To do -
Please return only the lines from the one with "愛華HS-T系列隨身聽電路" through the final line of the data, unchanged, with pictures omitted.

Data excerpt -

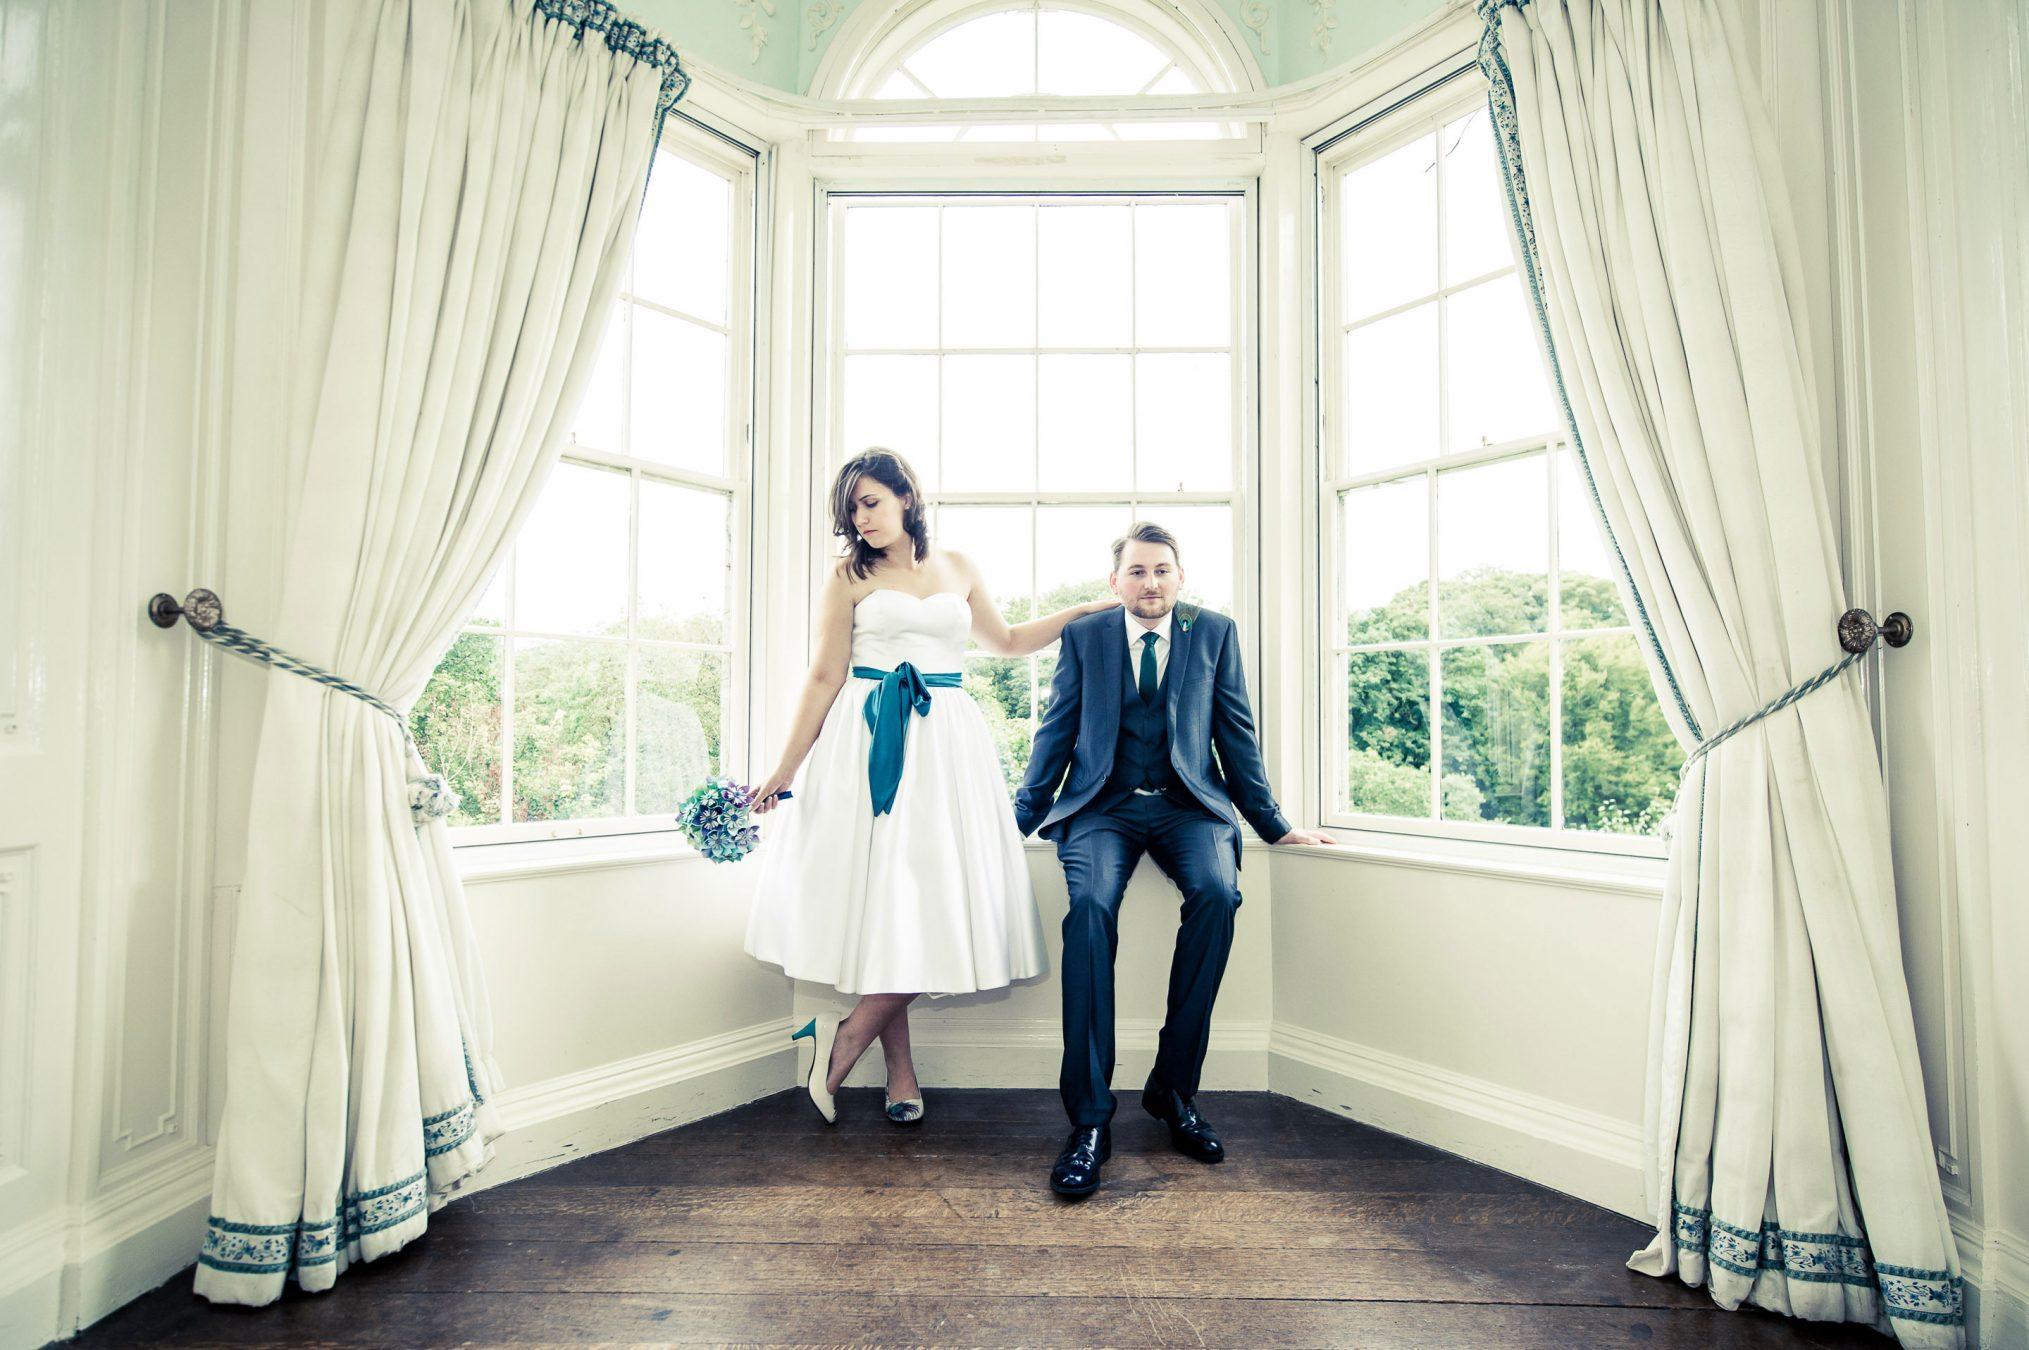 bride-and-groom-at-fonmon-castle-wedding-venue
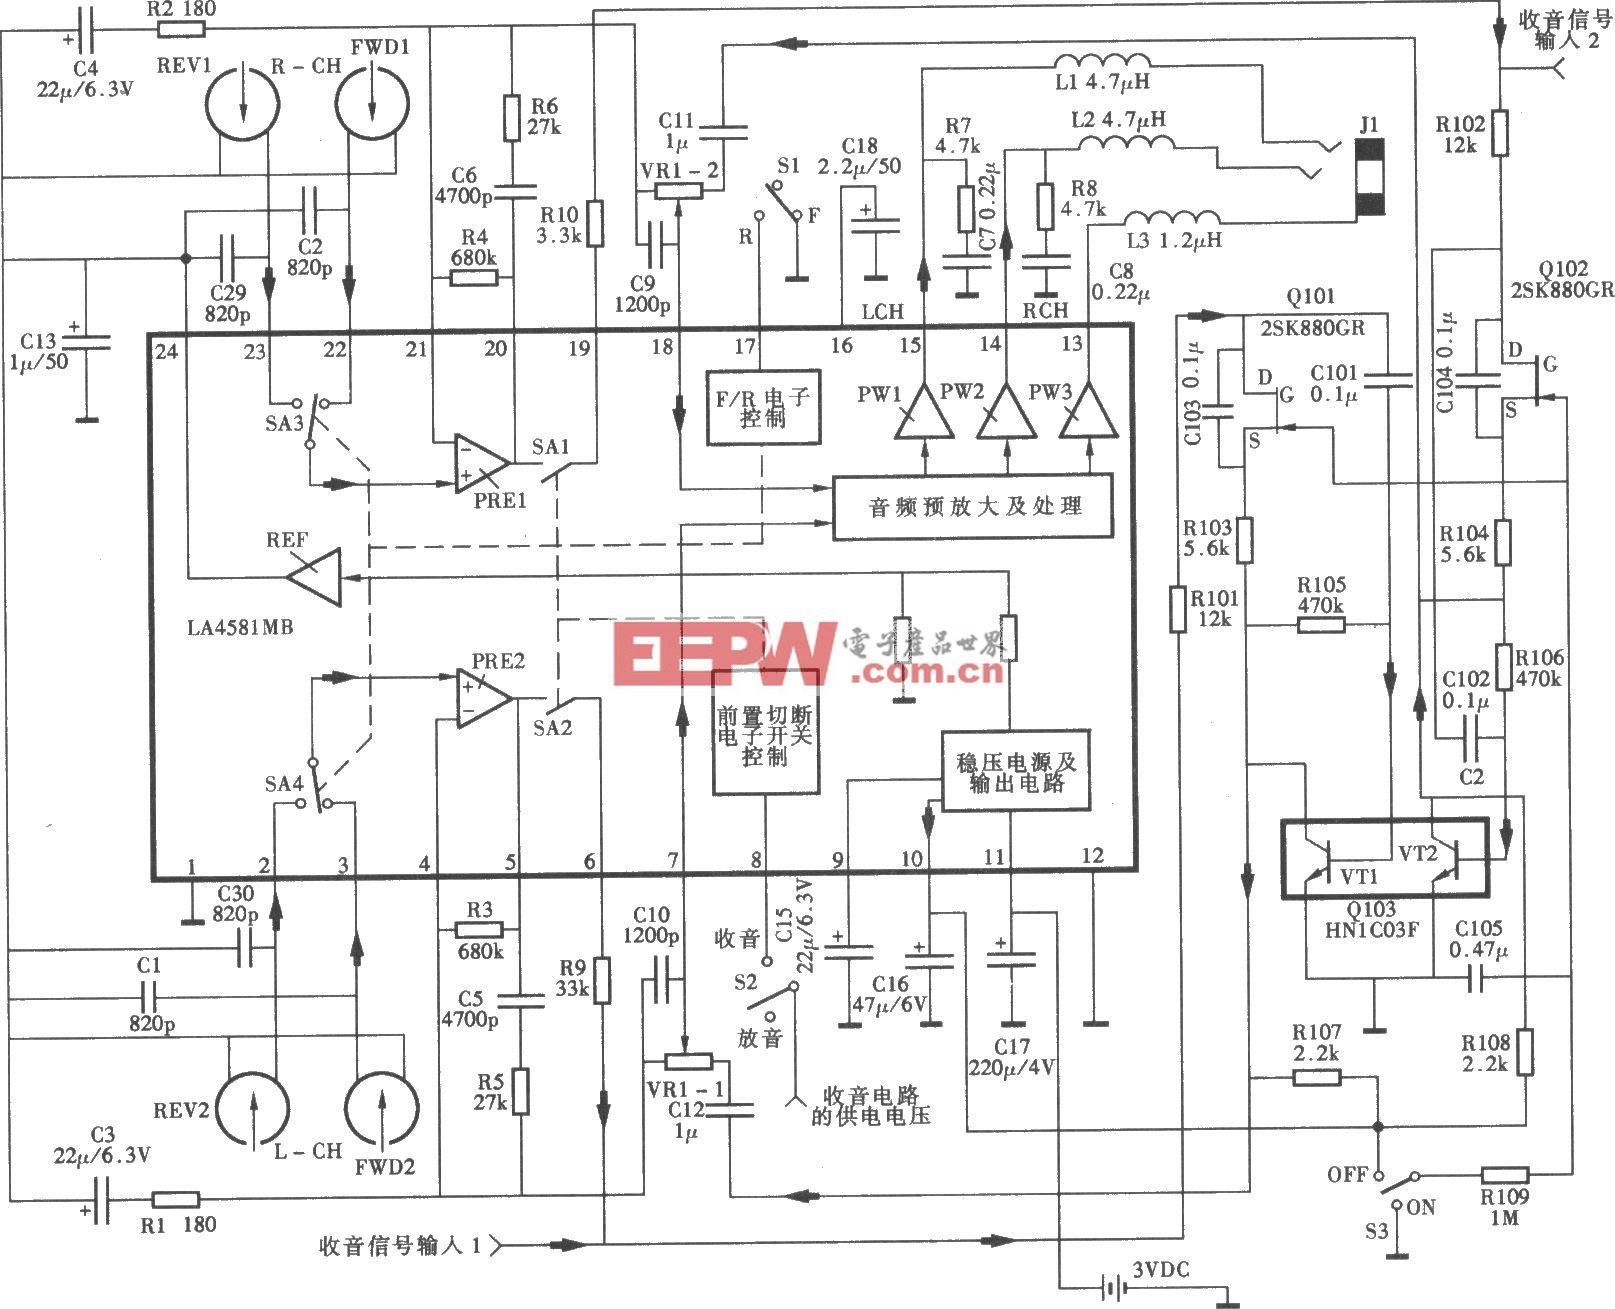 愛華HS-T系列隨身聽電路
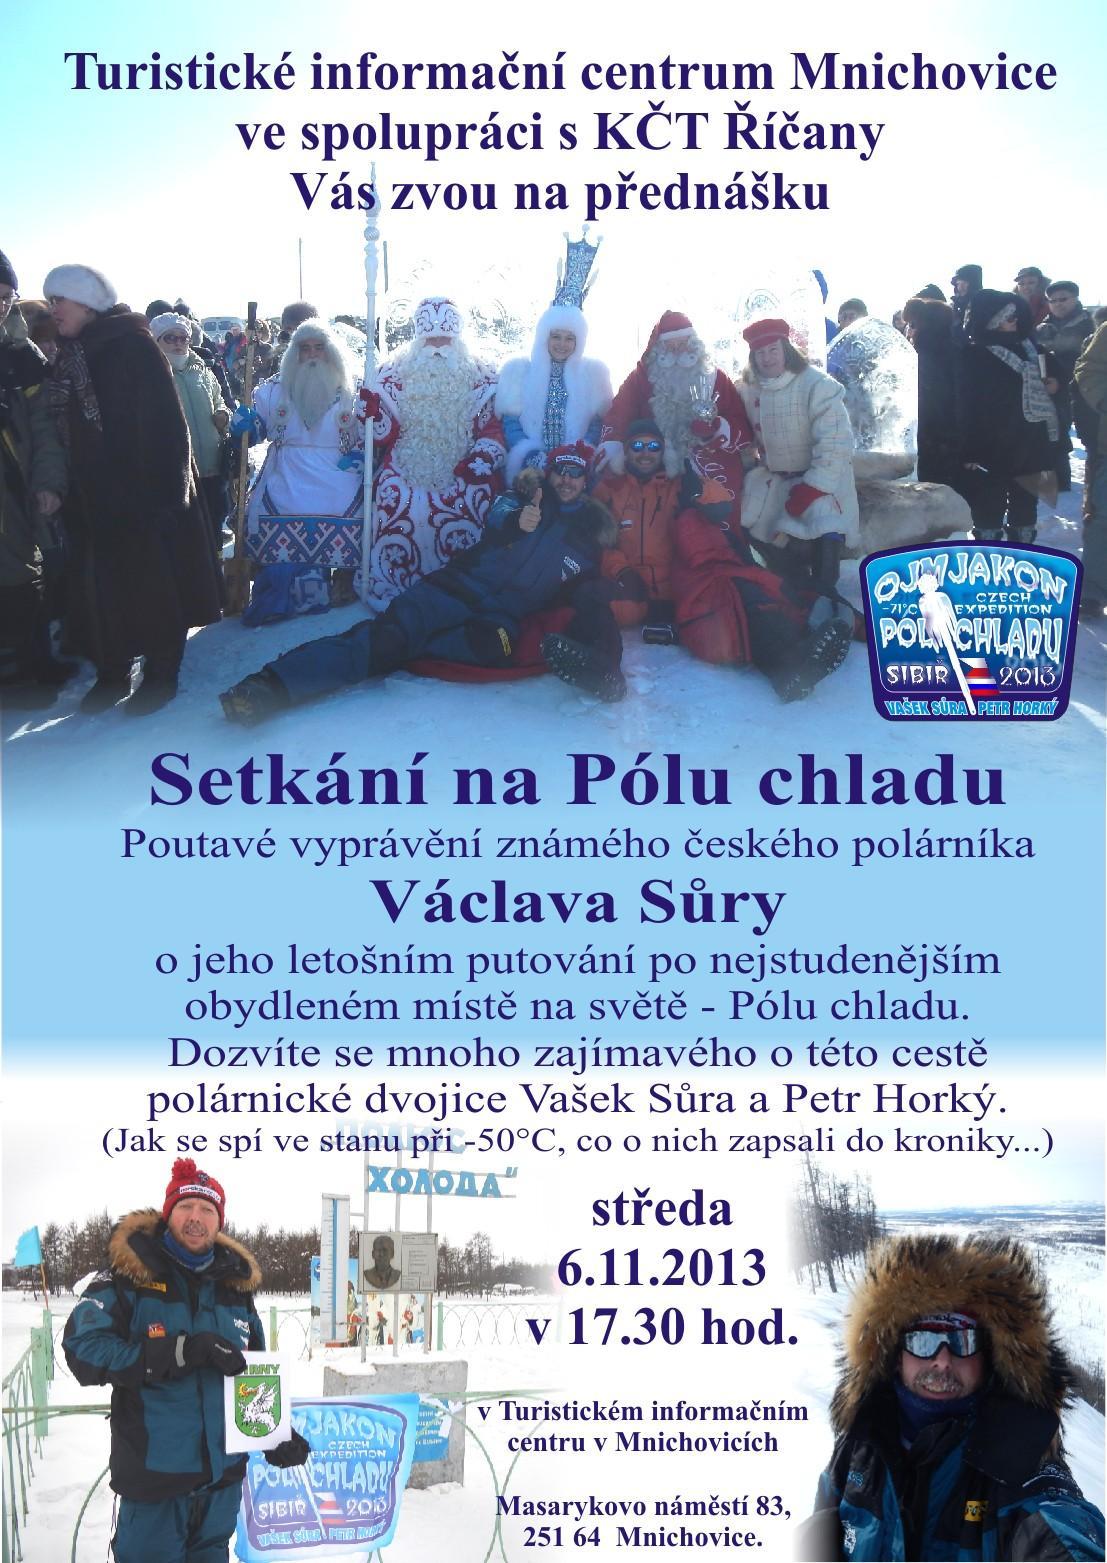 Setkání na Pólu chladu
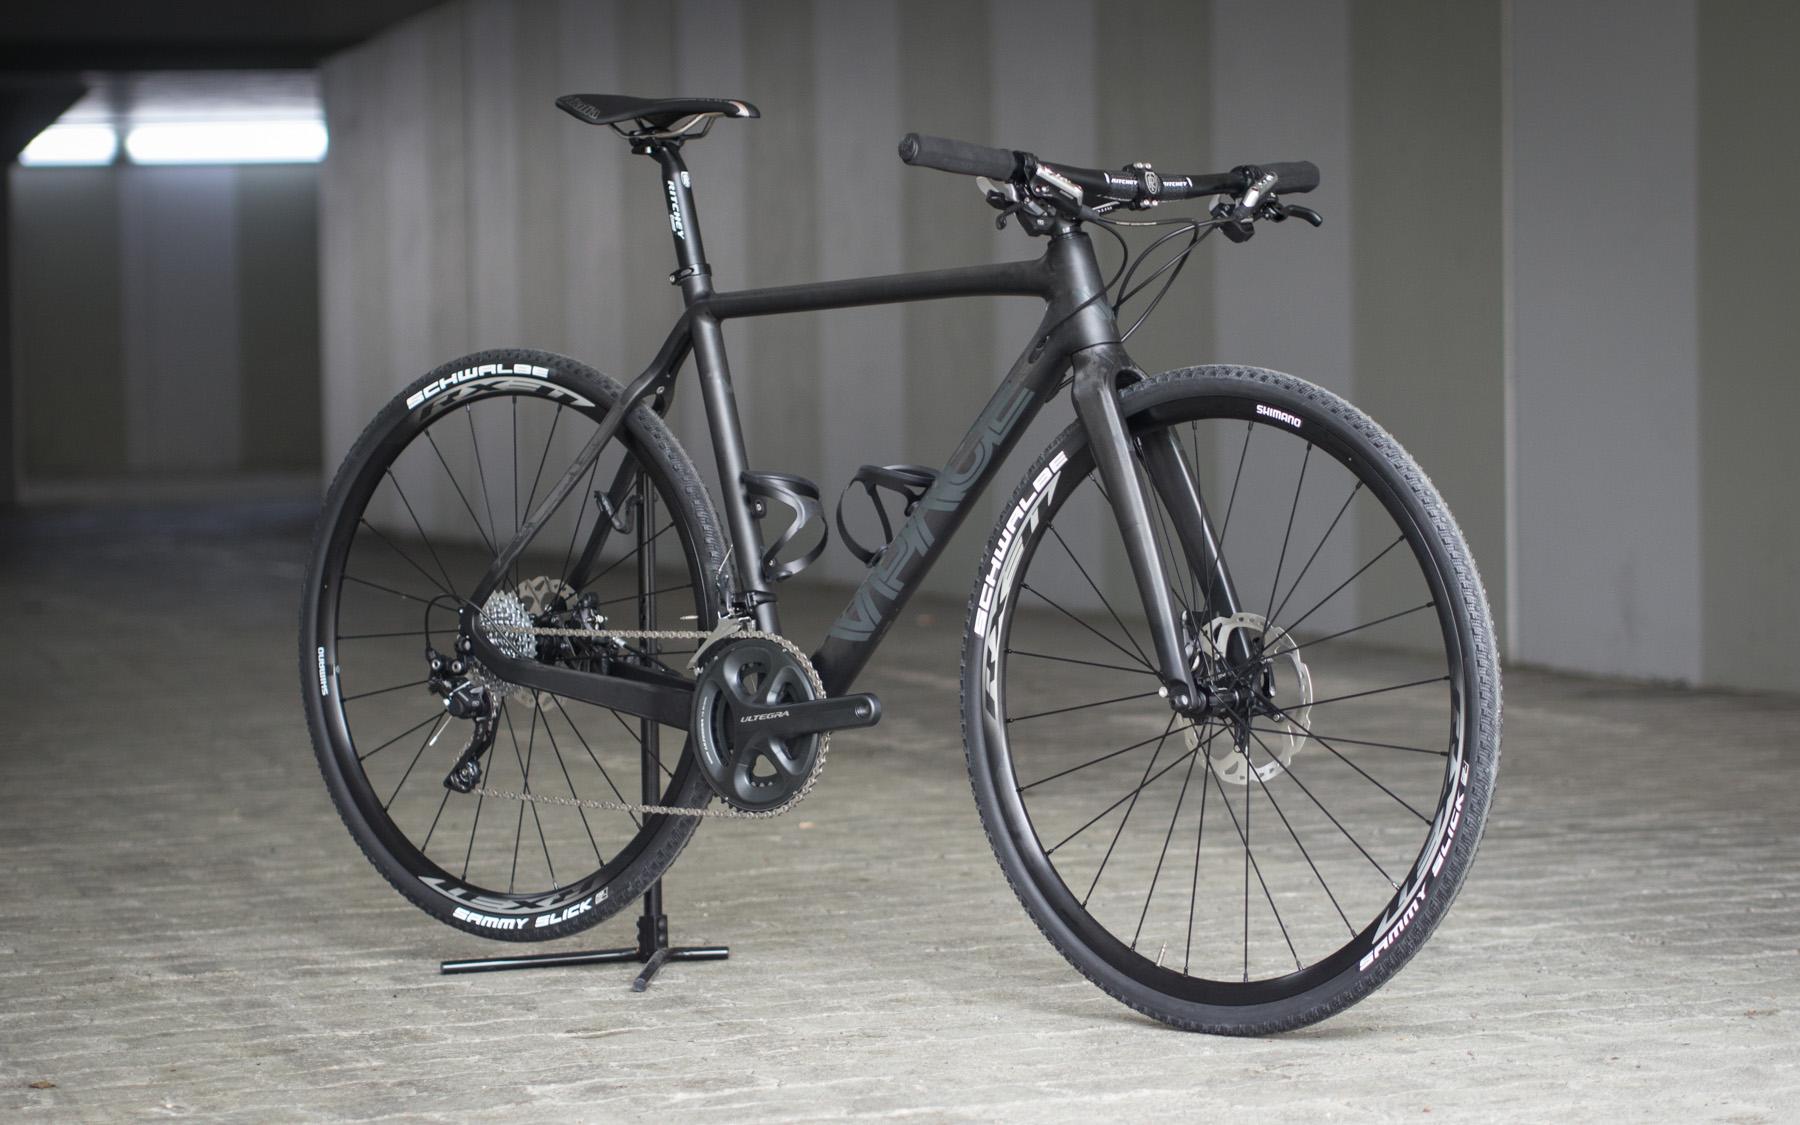 c2cx cyclocross disc carbonrahmen vpace bikes. Black Bedroom Furniture Sets. Home Design Ideas

Result of this task -
 愛華HS-T系列隨身聽電路
 Setkání na Pólu chladu
 c2cx cyclocross disc carbonrahmen vpace bikes. Black Bedroom Furniture Sets. Home Design Ideas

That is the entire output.